Tzipi Livni has seen a sharp turnaround in fortunes for Israel's ruling Kadima party since she became leader last month and could beat the right-wing opposition in a coming election, polls on Monday indicated.
President Shimon Peres, formally setting into motion procedures for a national ballot, told the Knesset after consultations with political parties that there was no chance of reaching a deal now to form a new coalition government. Following Peres' announcement, parliament has up to three weeks to dissolve itself and set an election date, widely expected to be scheduled for January or February.
Two newspaper surveys, published after Livni abandoned on Sunday her efforts to forge a coalition government and recommended to Peres a parliamentary election be held, showed Kadima just beating Benjamin Netanyahu's Likud - a reversal of the results forecast in previous polls, published in August.
Livni's Kadima colleagues attributed the gains to her image as a new kind of corruption-free politician, though few appeared to relish going to polls with an untested leader so soon. "I think that we didn't want an election. We wanted to continue in the existing (coalition) configuration," Environment Minister Gideon Ezra of Kadima told Israel's Army Radio.

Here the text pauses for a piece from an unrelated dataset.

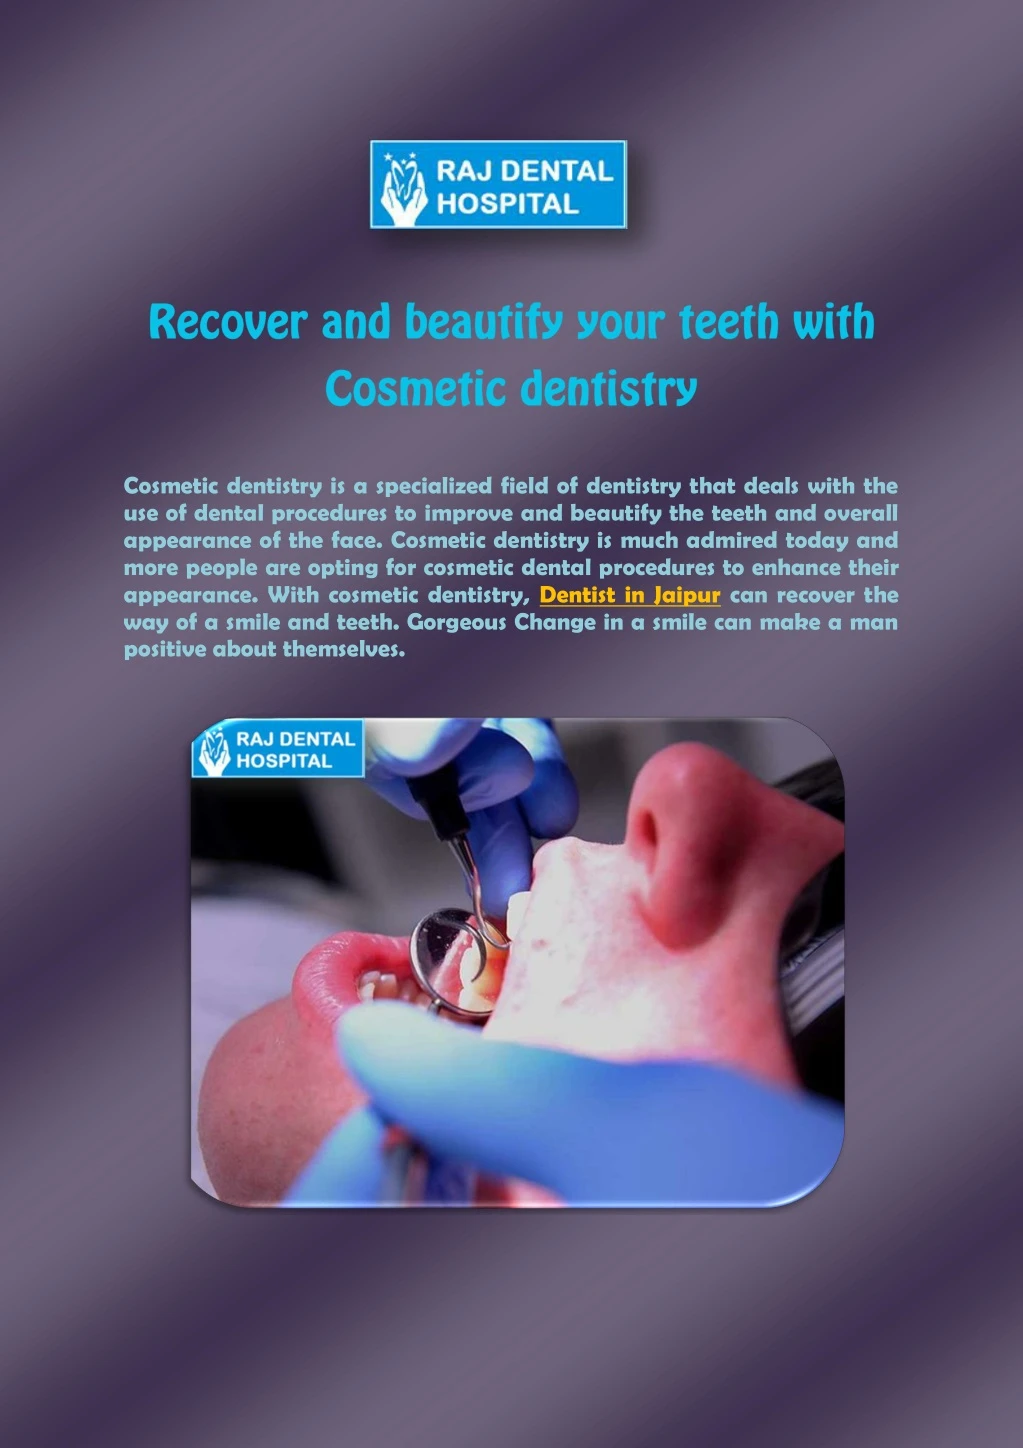 cosmetic dentistry is a specialized field

Briefing her faction, Livni, a 50-year-old former lawyer and one-time Mossad operative, made clear she was not complacent. "We all awoke today to flattering polls, and while this is certainly important, we need a Kadima that is strong, a Kadima that is united, a Kadima that strides forward as one," she said.
With Israel focused on choosing a new leadership, prospects for progress in slow-moving US-sponsored peace negotiations with the Palestinians seem dim. Washington had hoped for at least a framework agreement by the end of the year.
Centrist Kadima was battered by the 2006 Lebanon war and a graft scandal that forced Prime Minister Ehud Olmert to resign last month, although he remains in office until a new government is formed. Livni replaced Olmert as Kadima leader on September 17.
The poll in Yedioth Ahronoth daily predicted Kadima would take 29 of 120 seats in the Knesset - the same number it has now - while Likud would take 26, up from 12. The Labour party of Defence Minister Ehud Barak, Olmert's main ally in the outgoing government, was seen taking 11 seats, down from 19 now.
A similar poll, also conducted on Sunday, for the Maariv newspaper gave Kadima 31 seats, Likud 29 and Labour 11. The results broke with past surveys that saw Netanyahu, a former prime minister whose popularity has been boosted by Israeli security jitters, easily beating Kadima and Labour.
Two polls in August, before Livni replaced Olmert as Kadima leader on September 17, showed Likud winning between 31 and 33 seats against a Kadima led by Livni that would take only 20 to 23. Yuval Steinitz, a senior Likud lawmaker and Netanyahu confidant, described the surveys as selective and biased.
"The polls I've seen show Likud leading by six or seven seats, though that's still not enough," he told Reuters. Livni said on Sunday her efforts to form a new coalition government had failed over the demands of a key religious Jewish faction for special welfare stipends, and that she would seek an early ballot. The Yedioth survey had 500 respondents and a 4.5 percent margin of error. Maariv, which polled 900 people, gave no margin of error.